Ransomware group claims breach at Microsoft, leaks sources codes of Cortana and Bing

After Nvidia and Samsung, notorious ransomware group Lapsus$ claims it has stolen and leaked data related to Microsoft applications such as Cortana, Bing, and Bing Maps.

In a Telegram post, the hacker group alleged, "Leak of some Bing, Bing maps and Cortana source code- Bing maps is 90% complete dump. Bing and Cortana around 45%.”

The group claims it has hacked into an Azure DevOps server and gained access to the repositories of these applications, according to a VentureBeat report.

Microsoft has not confirmed the breach of Azure DevOps servers or leak of its source codes but is reportedly looking into the claims made by the hackers. However, several security researchers believe the leaked data belongs to Microsoft.

Dumping stolen data that often includes critical information such as source codes of applications has become a trend among cybercriminals. By sharing the data partially, hacker groups are trying to pressurise companies into paying a ransom to prevent them from leaking all the data online.

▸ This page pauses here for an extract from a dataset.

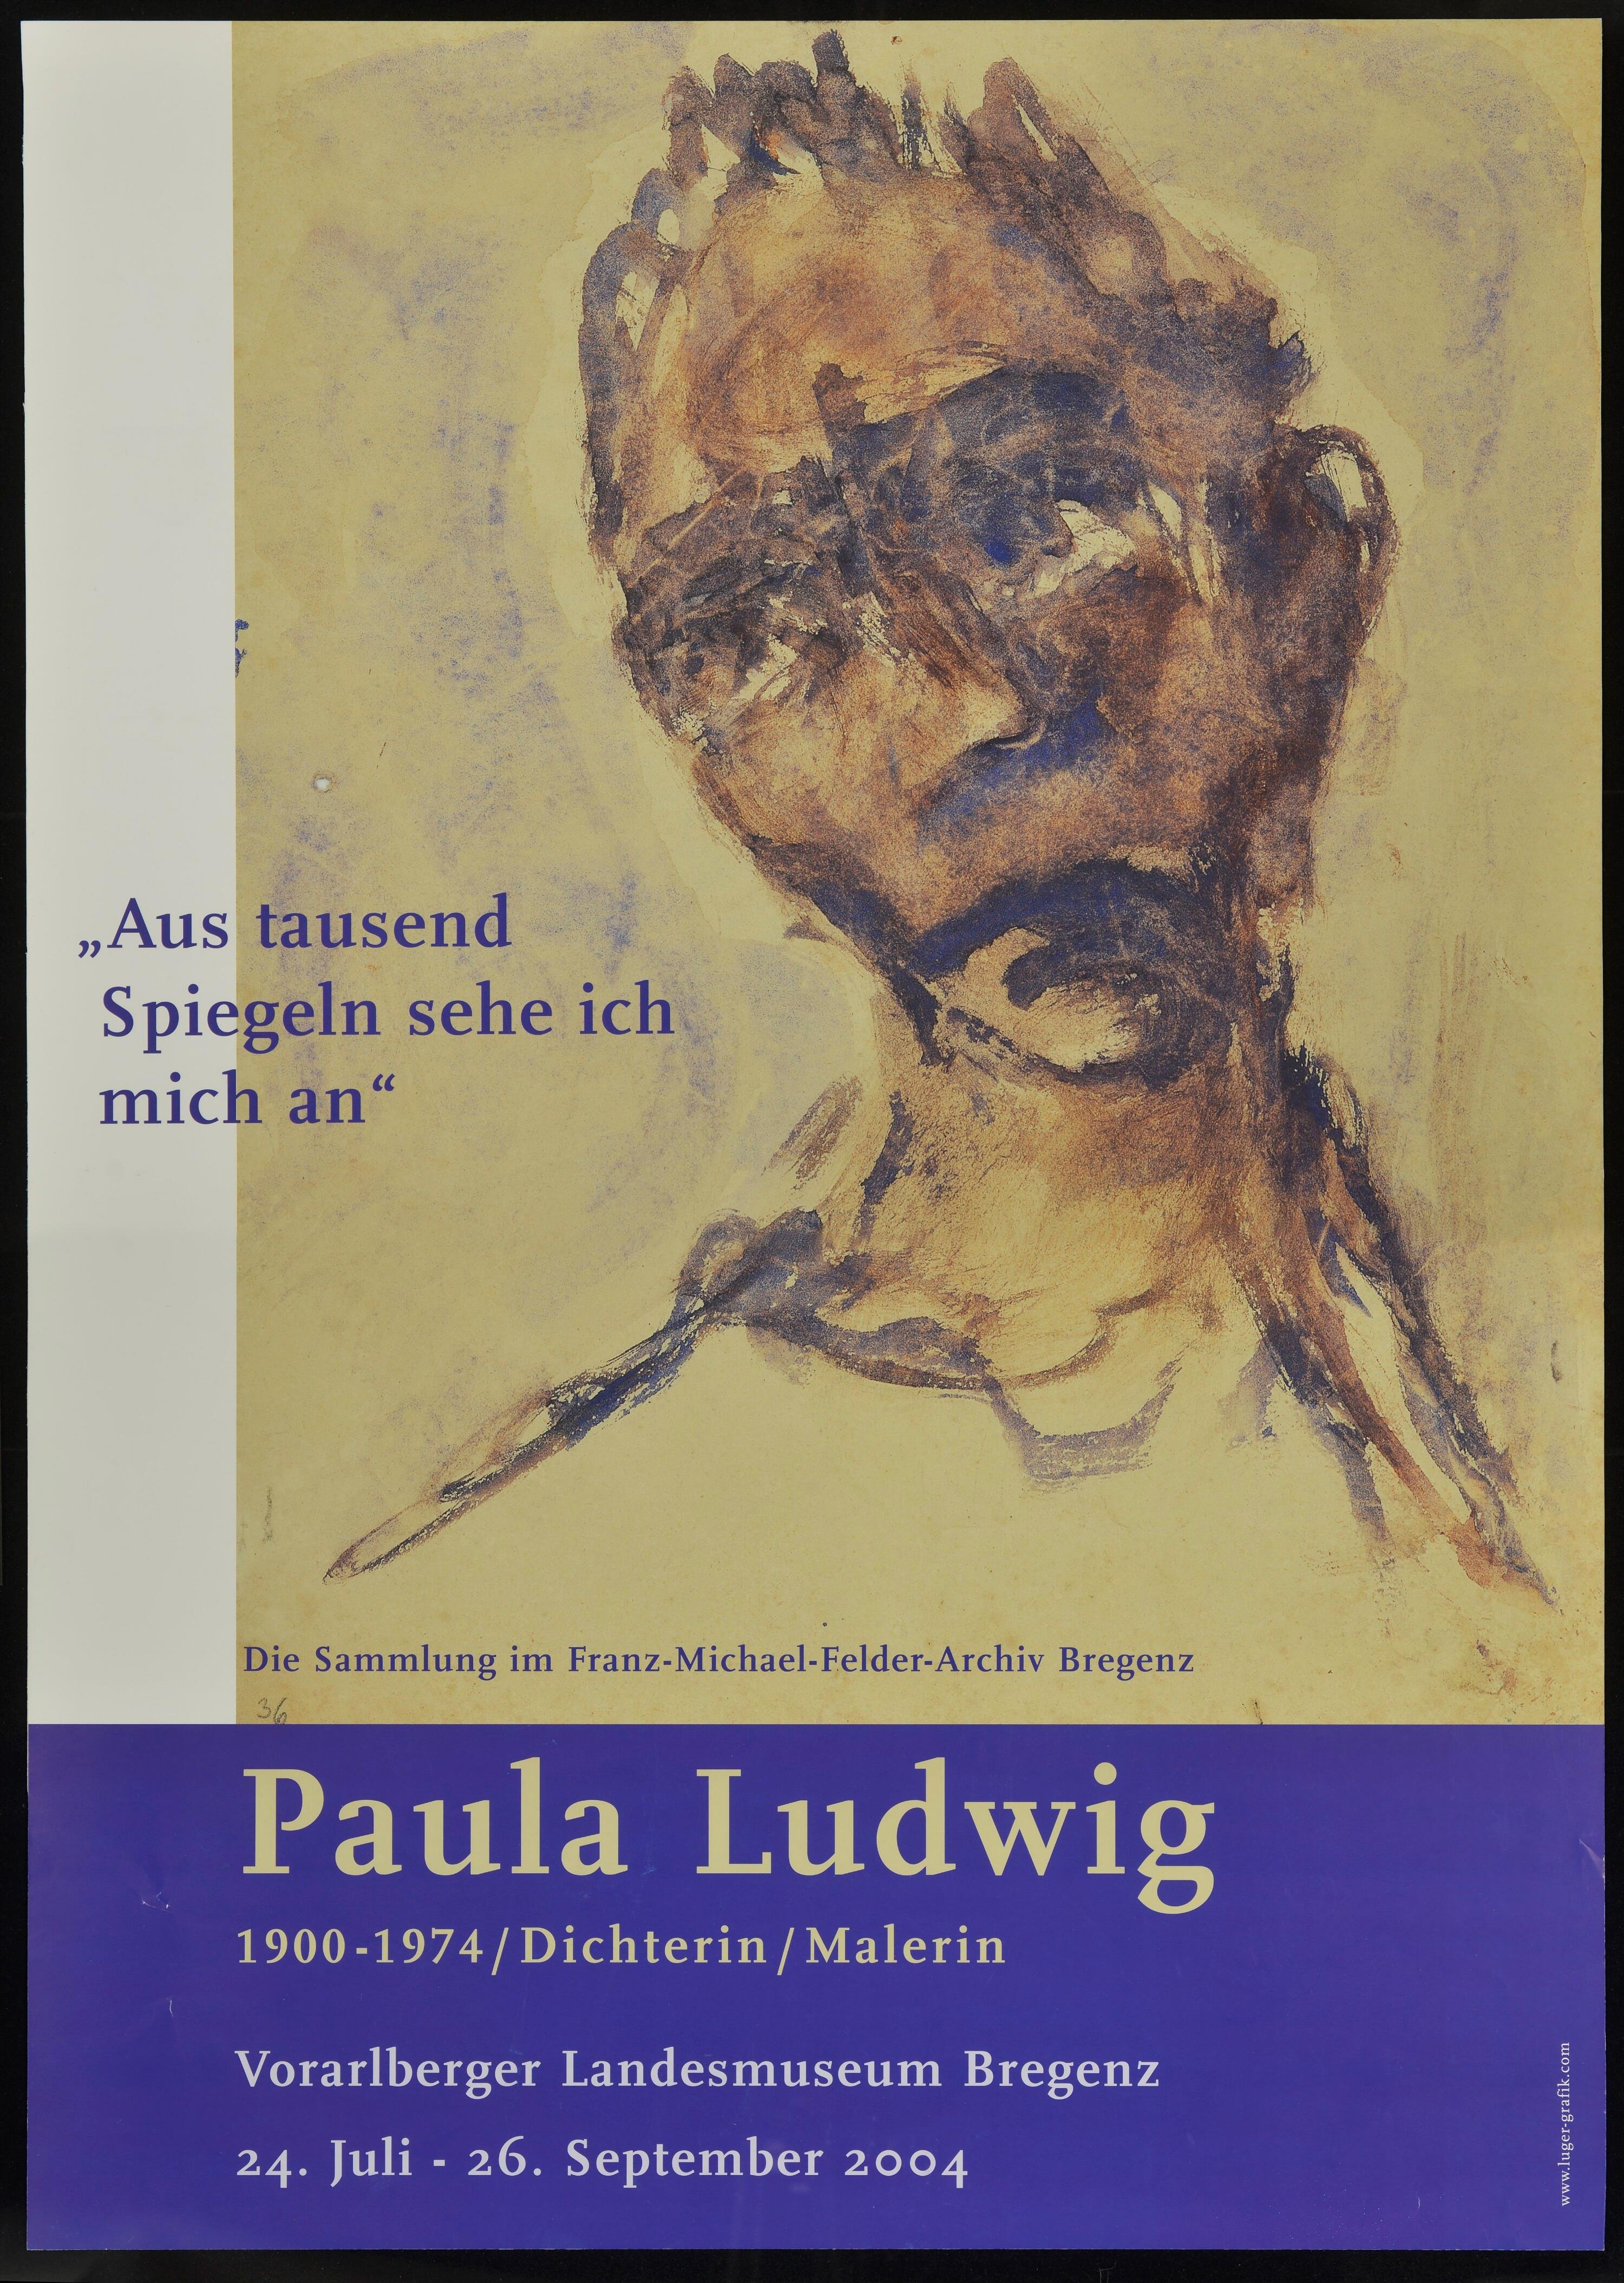 Paula Ludwig - 1900-1971 / Dichterin / Malerin></div>


    <hr>
    <div class=

Also read: Nvidia counter-hacks ransomware gang, but the group had already backed up stolen data

Over the last few months, Lapsus$ has used the same tactic on several big tech companies including Samsung, Nvidia, and Ubisoft.

In the case of Samsung, the hacker group allegedly leaked 200GB worth of confidential data that included the source code of the company’s Galaxy smartphones. According to a Bleeping Computer report, the leaked Microsoft data is worth 37GB and includes source codes of over 250 projects.

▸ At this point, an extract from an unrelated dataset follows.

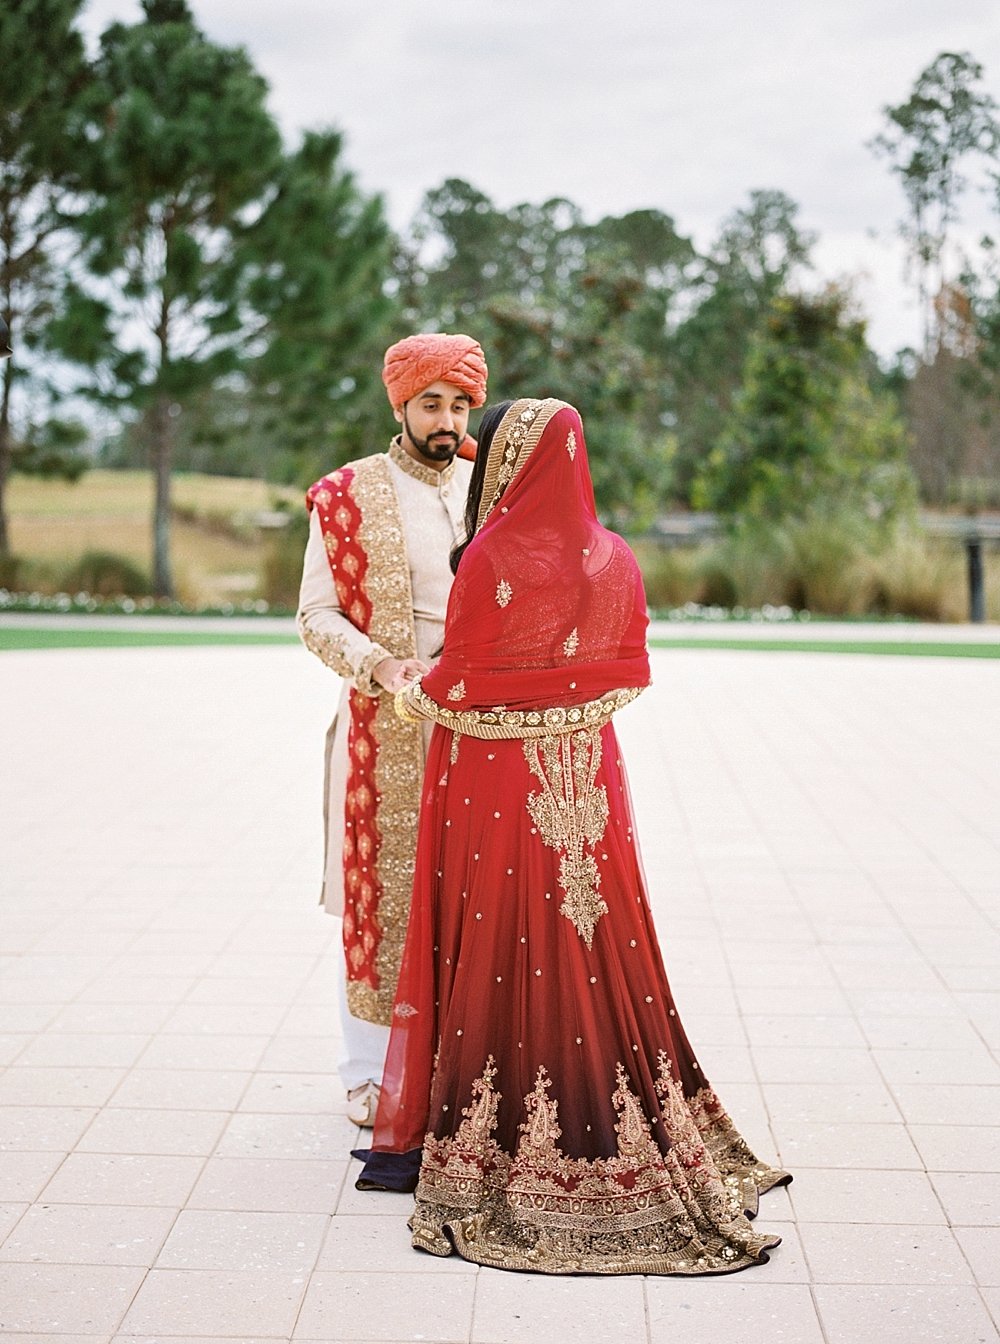 Indian Wedding Hilton Bonnet Creek Waldorf Astoria Orlando FL - Portra 400 - Film Photography | Ashley Holstein Photography #fineartphotography

In a rare moment, Nvidia, after being targeted by Lapsus$ in mid-February, retaliated by hacking the group’s systems to prevent it from leaking the stolen data. Nvidia had earlier said that the hackers had stolen 1TB of data that included proprietary information such as source codes of DLSS rendering system and design of new GPUs.

According to a July 2021 report on the cost of data breaches by IBM Security, the average cost incurred by companies on data breaches has grown to $4.24 million per incident, up from $3.86 million in 2020. In the case of massive data breaches involving large multinational companies where over 50-65 million records were leaked, the average cost was $401 million.